Here is the third installment of our series covering emerging roles in the market research industry. Job Muscroft, the Face MD in London, kicked it all off in his post about the various roles that are changing the face of market research. In this post, we’ve interviewed one of our co-creation consultants here at Face, Research Director Esther Garland, to learn a bit more about  what it’s like to work in qualitative market research as a co-creation consultant.

Esther Garland photo

How would you describe your role?

My role….  Part planner, part creator, part trainer, part performer, part researcher. To do co-creation successfully you need to be many things at any one time. It’s not the same as running a focus group – you still have the insight objectives but actually your role is to create an immersive, inspiring way of getting to those objectives. If I could make a rule in co-creation that you are not allowed to ask direct questions (as you do in more traditional methodologies) I would.

How did you become a marketing research co-creator? What’s your background?

I started in market research for a publishing company so I have an appreciation of product development, I then spent some time as a planner for a couple of above the line and digital agencies giving me an appreciation of the creative process, ideation and strategy. I came to agency side qual research to be closer to consumers again, and this is a great place to get an appreciation for managing clients and stakeholders, and deadlines (both of which are big parts of co-creation).

Any tips for how to stand out from the competition when you’re trying to get a job in co-creation?

Like any qual research, co-creation is about a balance of people skills (being able to engage people, being able to elicit information and shape conversations) and analytical skills (being able to judge information, get behind the words to the meaning, find the underlying assumptions and unstated beliefs).

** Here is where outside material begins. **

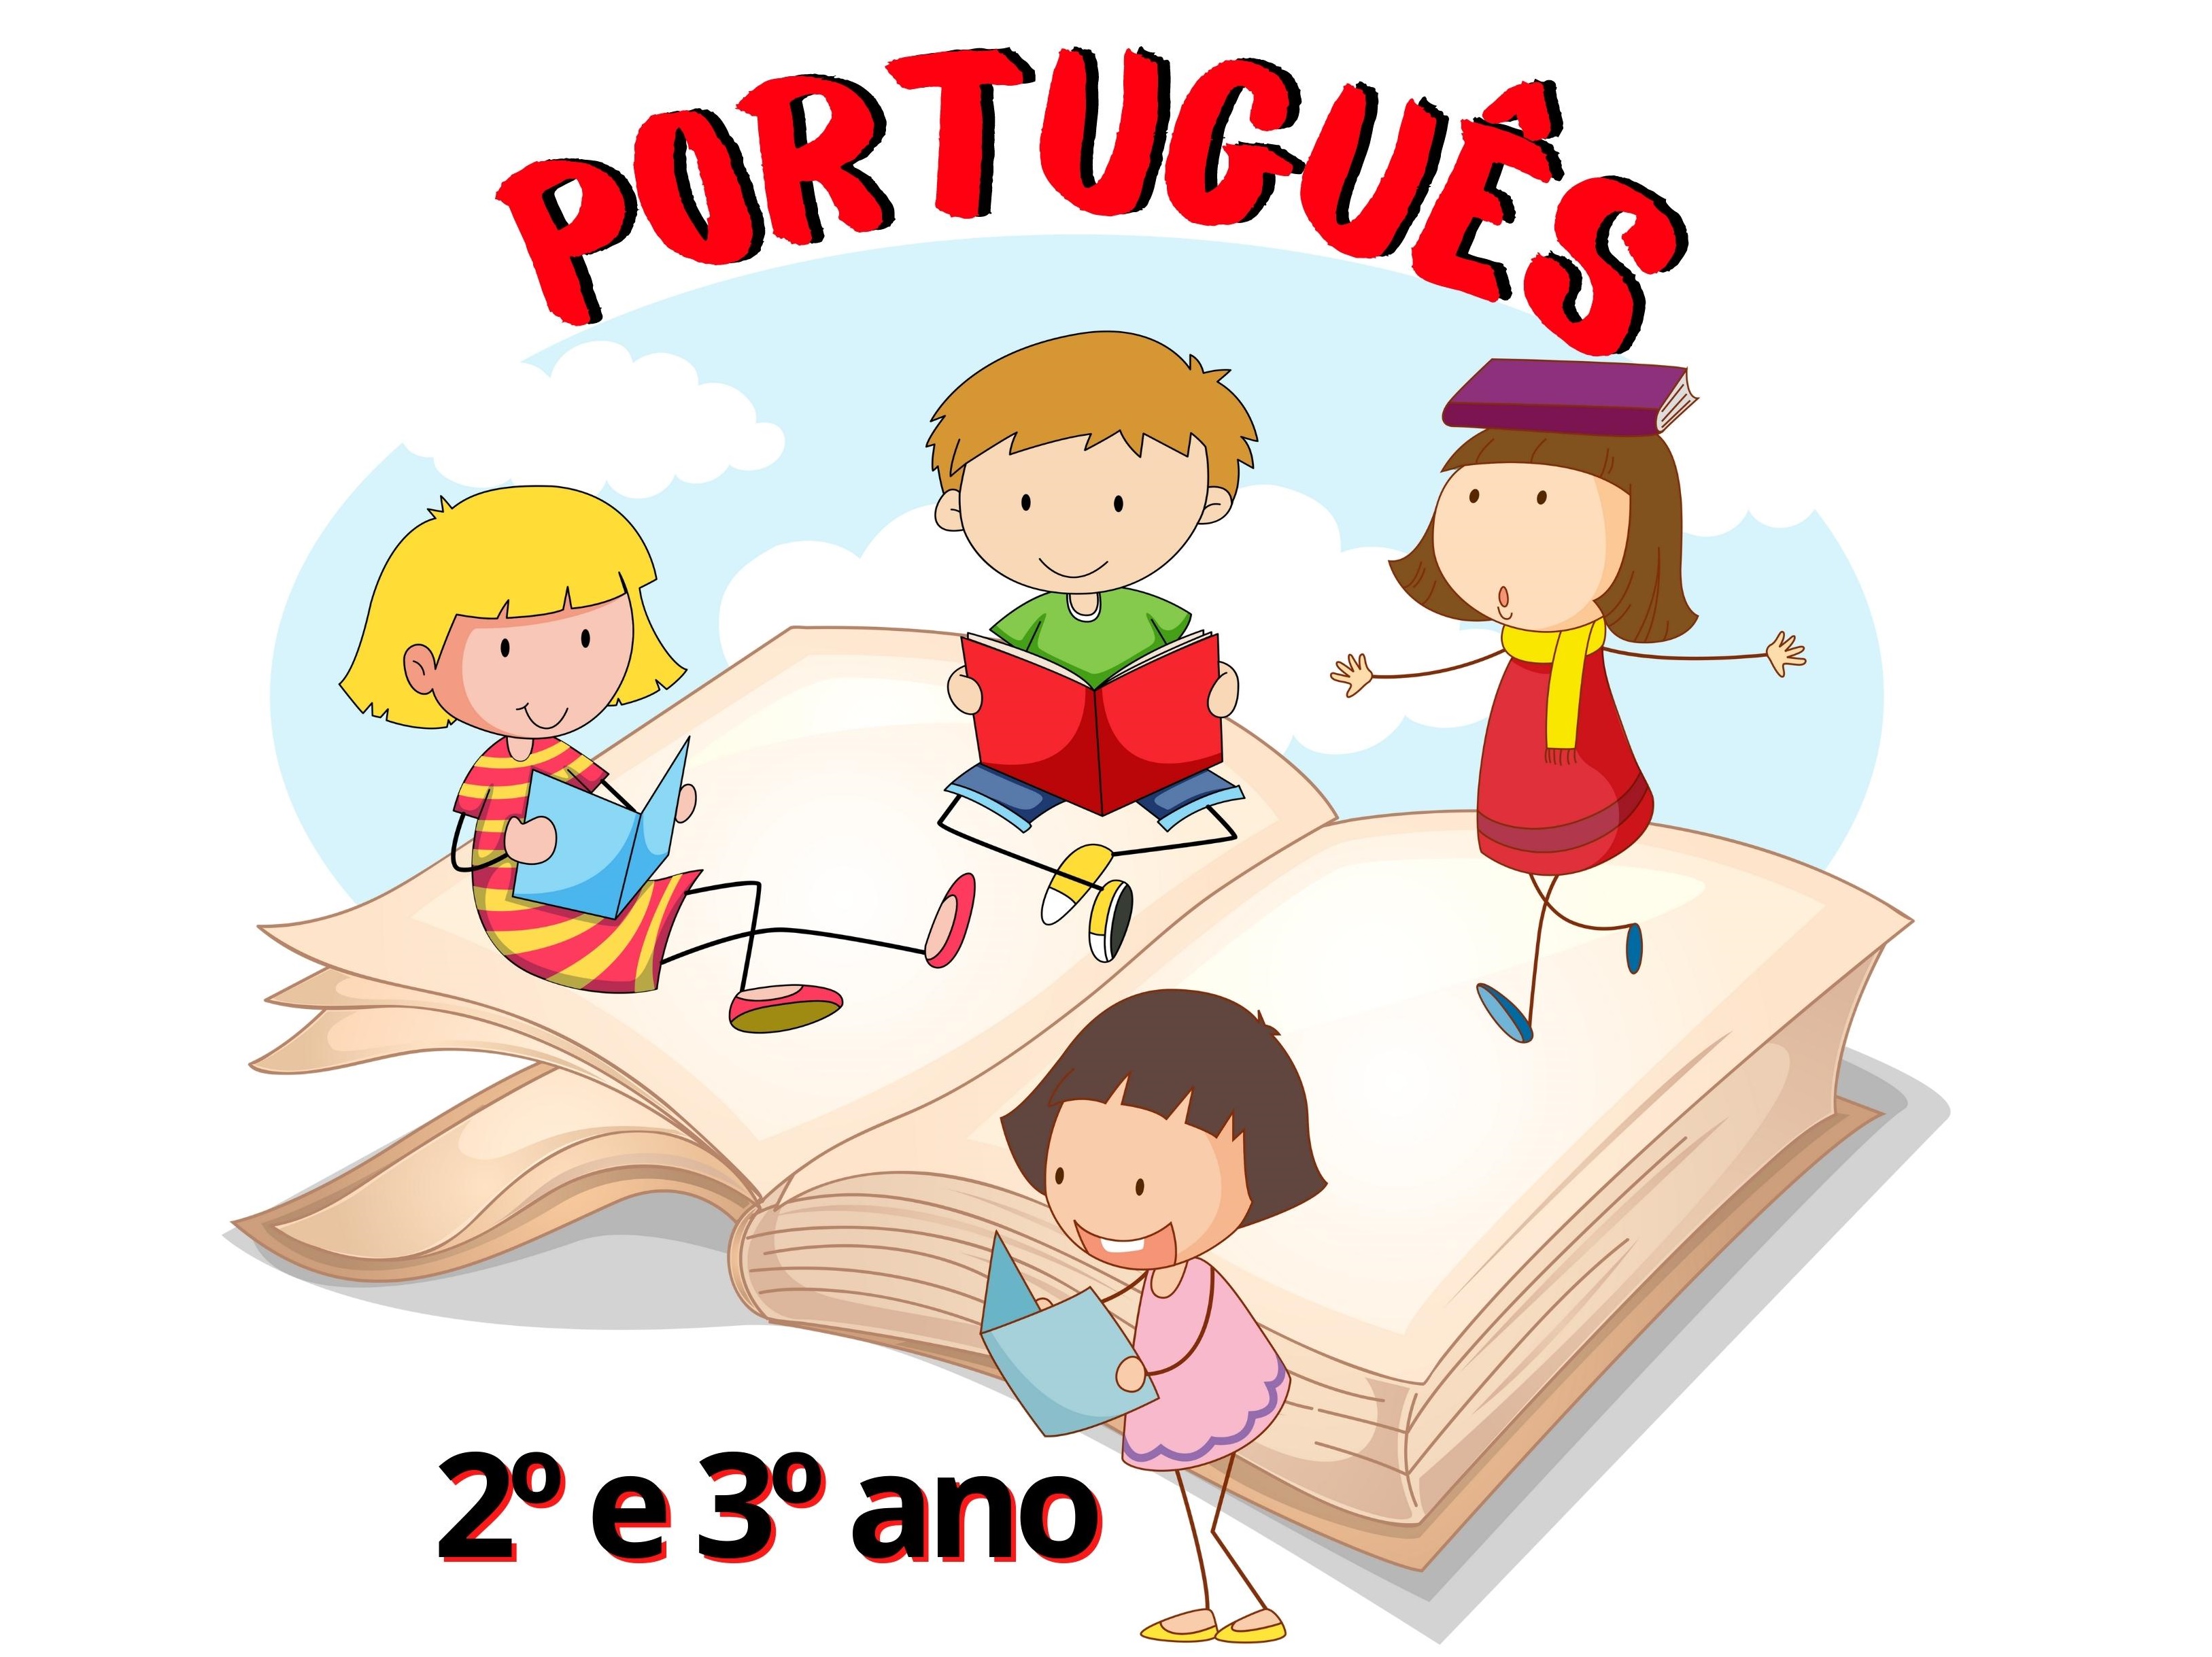 Língua Portuguesa, 3º Ano

However it’s the creative and performance bits that are different from traditional research – anything that can demonstrate you think about problems differently and design creative solutions to those problems, and any skills you can demonstrate in performance will set you apart.

What are the top three rules you have to follow as a co-creator in market research?

  1. Make it fun – create the right environment, gamify the session, set the right atmosphere
  2. Make it creative – design exercises that use different parts of the brain, do things that feel challenging or strange, think laterally about how to get to your objectives
  3. Make it physical – vary the pace, get people moving about, change the scenery

Where do you see your role going in the next five years? What’s the future for marketing research co-creation?

It’s worth noting that increasingly I think co-creation will be adopted as a core part of the qual armoury (if it isn’t already) so really this question doesn’t make sense – additionally I’m not just co-creator, I’m an Insight and Strategy specialist.  Co-creativity is a philosophy rather than a tool – so in fact for us, I see principles of co-creativity (creating immersive environments, building long term mutual relationships between clients and consumers, sharing the responsibility for success) governing all the research activities we do.

Increasingly though I think it’s going to be about how you layer co-creation with other tools and data sources – whether that is social media insight, crowdsourcing or social media monitoring.

What’s the biggest mistake you most often see in co-creation? What’s so bad about it?

Just treating it like a souped-up focus group – albeit with clients in the room asking the questions as well.  This is just lazy and not harnessing the full power of the approach – you won’t get better ideas or insight from just doing the same thing in a bigger room.